WHAT THE TASK ASKS » Please restate the data below word for word, omitting all images.

DATA EXTRACT »
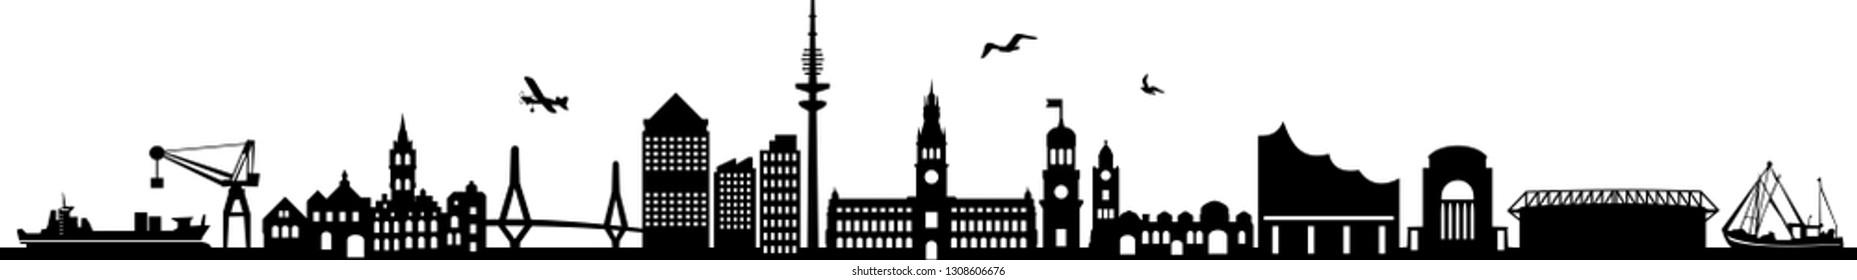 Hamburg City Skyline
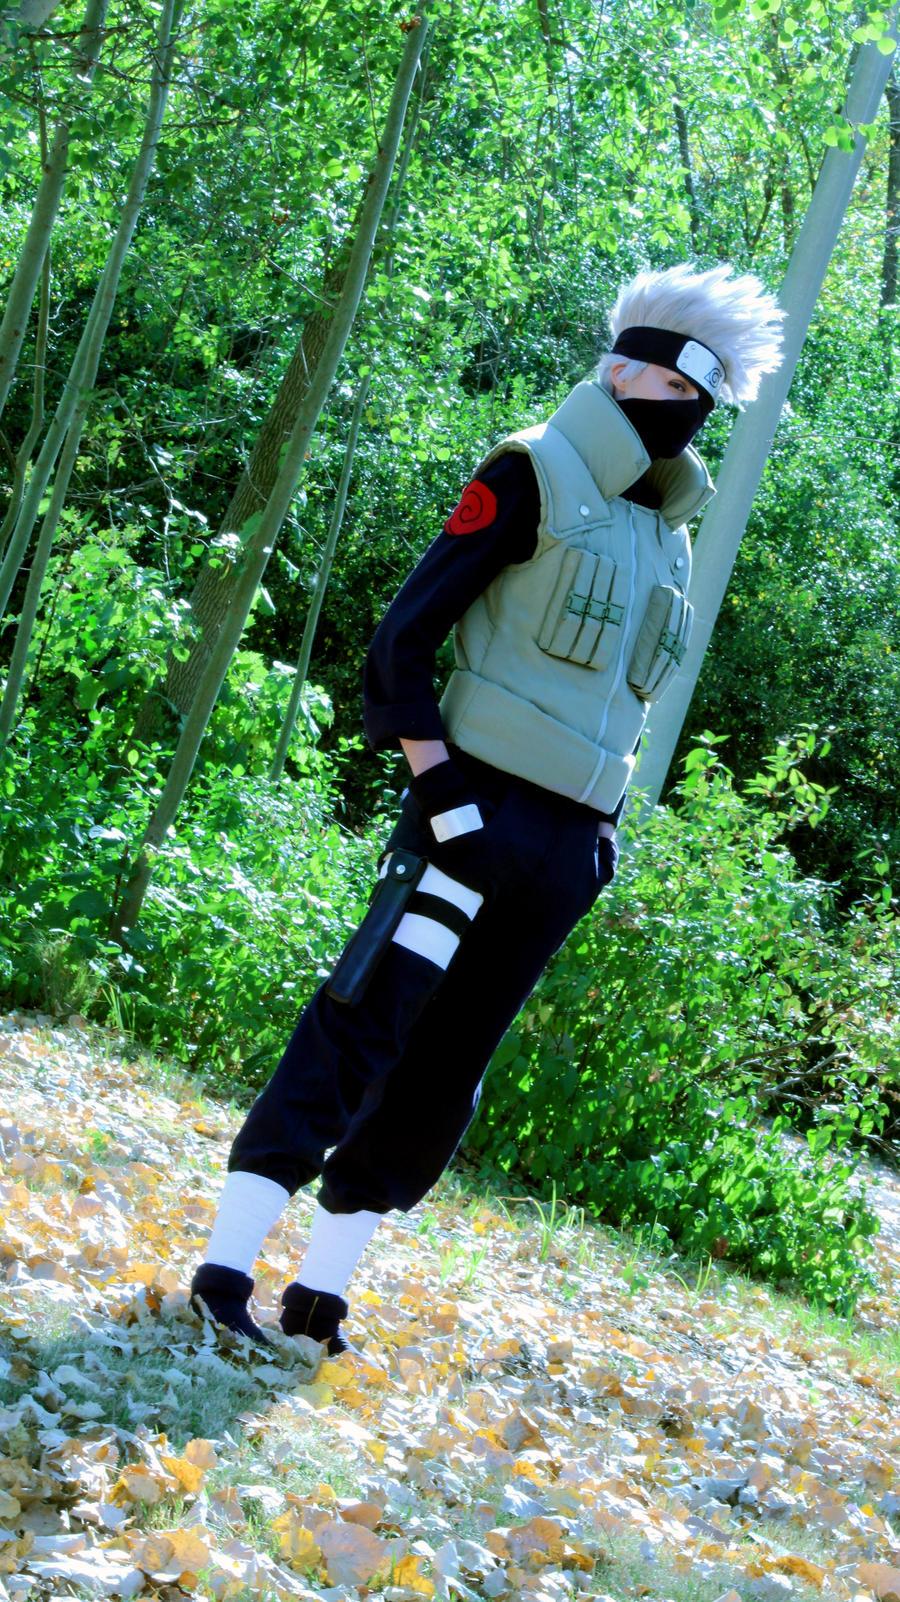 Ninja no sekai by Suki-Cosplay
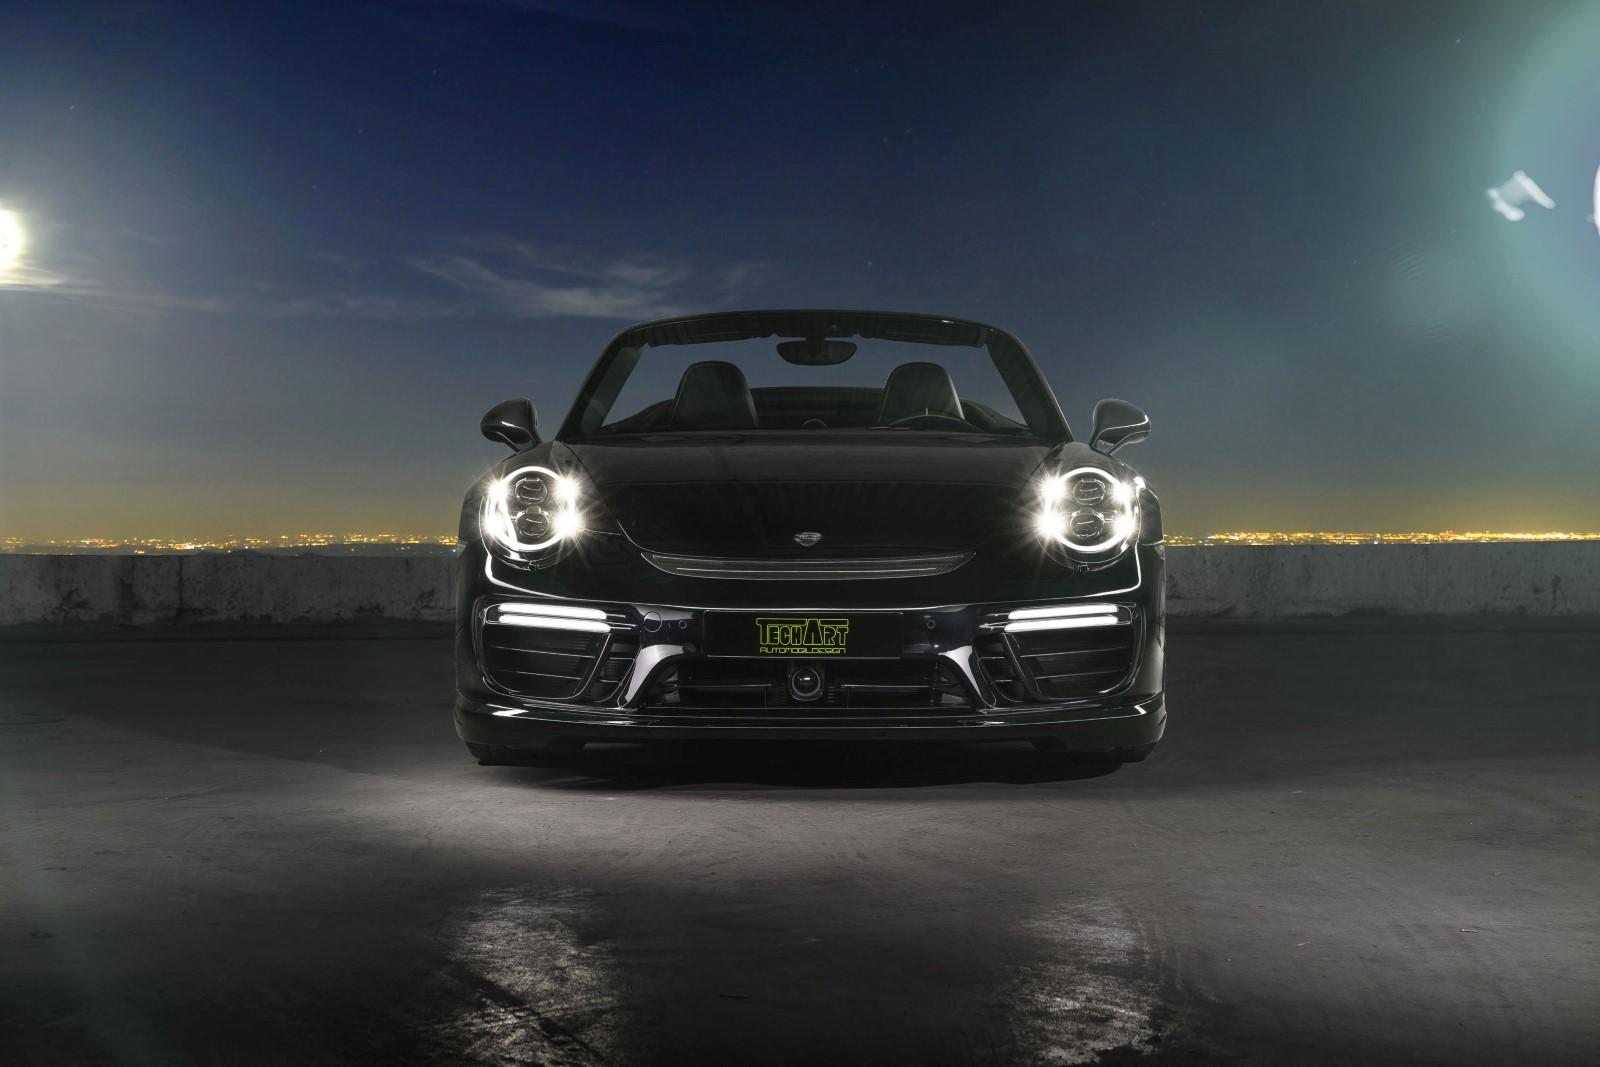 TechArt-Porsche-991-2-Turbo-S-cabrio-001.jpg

RESULT OF THIS EXERCISE »
 Hamburg City Skyline
 Ninja no sekai by Suki-Cosplay
 TechArt-Porsche-991-2-Turbo-S-cabrio-001.jpg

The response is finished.